Interview with Philipp Koch.

Philipp, you are in your fourth year as a PhD student in the Bioprocesses Group of Sven Panke. Many also know you as a member of the “D-BSSE meets industry” initiative. What is your set-up for the home office?


I have a separate room where I sit and do my home-office work. Usually, I spent about 90% of my time on lab works and about 10% on computational work, which I sometimes did in the home office. But now it is a 100% that I sit in front of my laptop in this separate room at home – but, it’s okay, it works. I had to re-organise my work schedule. For me personally it was okay because I can now focus on writing up my first story as a paper – it is not as bad as it looked in the beginning.

What do you see as most challenging with respect to home office?


What I experience is that I tend to not be focussed for a long time here at home. Also when I speak to my colleagues: people work a lot but they are less productive. I see that as a danger: that you work a lot and spend a lot of time in front of the computer but you don’t get a lot of work done. The most difficult thing is that the difference between weekends and the weekdays is blended, and you don’t get a relief at the weekends, that is what I am missing.

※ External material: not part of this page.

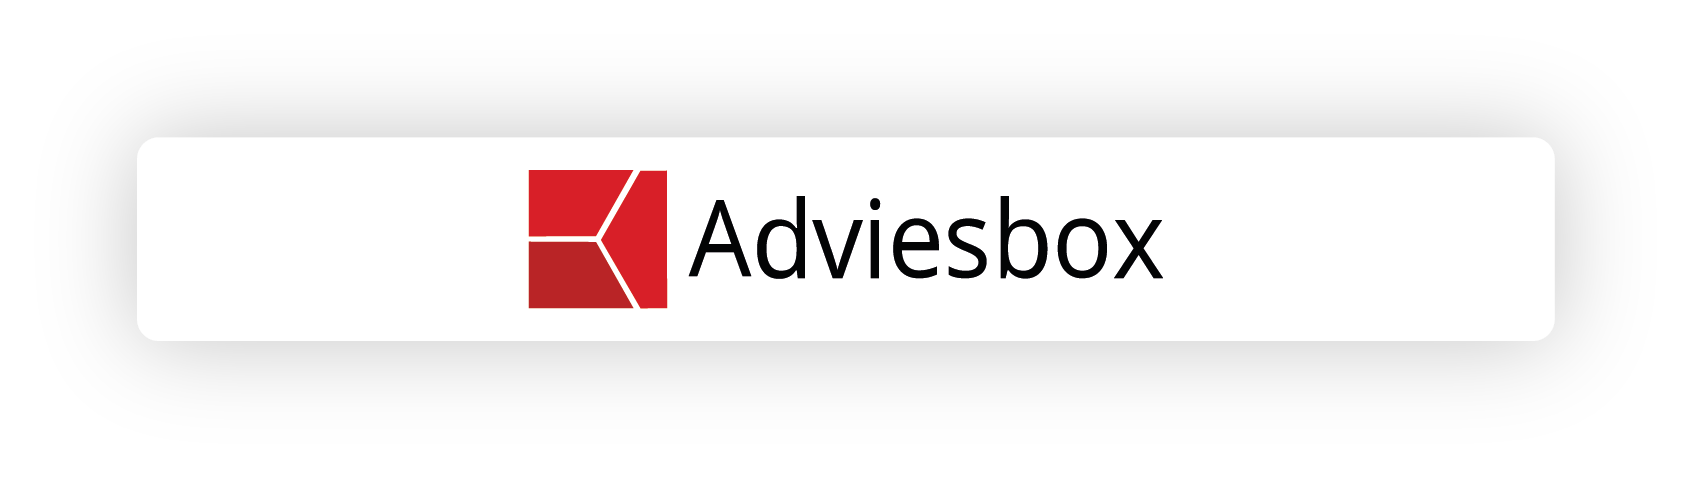 Adviesbox koppeling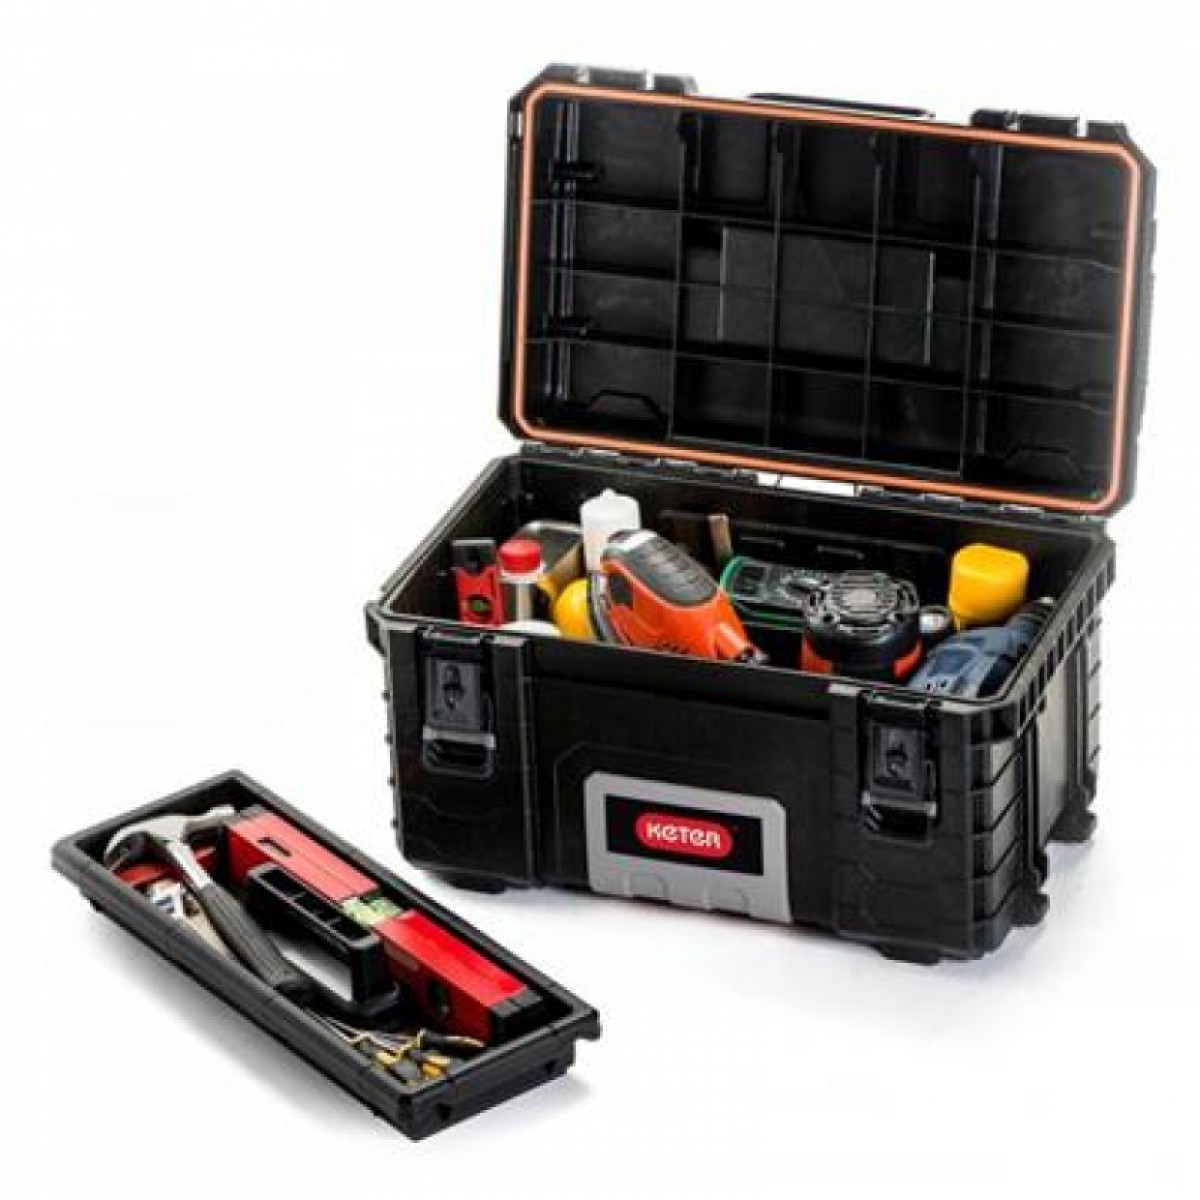 Keter tools. Keter 22 Gear Tool Box 17200382. 22 Gear Tool Box Keter. Ящик Keter Gear Toolbox. Keter ящик для инструмента 38371.

Is there anything else you are missing?

I am an experimental worker. So, I miss the routines in the lab. Usually, you plan the experiments, you do the experiments in the lab and then you analyse the data. This big chunk in the middle of my work-flow is basically missing. Now, when I write up stuff and analyse the data, I might realise that some experiments did not work out, and it is quite frustrating not to be able to go back to the lab to repeat those. Also, the things that usually annoy you in the lab, the simple and repetitive work … I somehow miss them now.

How do you stay in touch with your group?

We have our weekly group meetings over Zoom. Then we also have sub-group meetings with our direct supervisors, mentors or team members in smaller groups. And then, some of us created this 10AM-coffee break where we meet virtually every day and discuss ideas and see how we are all doing.

To the D-BSSE, you offer weekly TABATA trainings, that is a physical cardio-vascular work-out. The last two times, about 30-40 participants joined the sweaty trainings. Has physical exercising become an even more important part of your daily routine?

Not really, I used to try doing some sports at least every day. Now I also try to exercise every day, but of course I fail from time to time, like probably all of us. We do this Tabata training with support of the VMB {scientific staff association} which also financially supports us. There is a core of people who joins this training every week (for now more than 2 years) in the Clara-Schulhaus here in Basel. And, since two weeks, we meet virtually on Zoom – every Tuesday at 6:30PM. It is no replacement for jogging because you don’t spend time at the fresh air. But it is a high-pulse, very intensive and efficient training – and I invite all of you, also the PIs, to try it out. It also takes place today and we will send a reminder email later today. So, you are all welcome to join!


Thank you very much, Philipp, and: keep the pulse at high speed!

This interview took place during the D-BSSE Digital Campus held on 7 April 2020.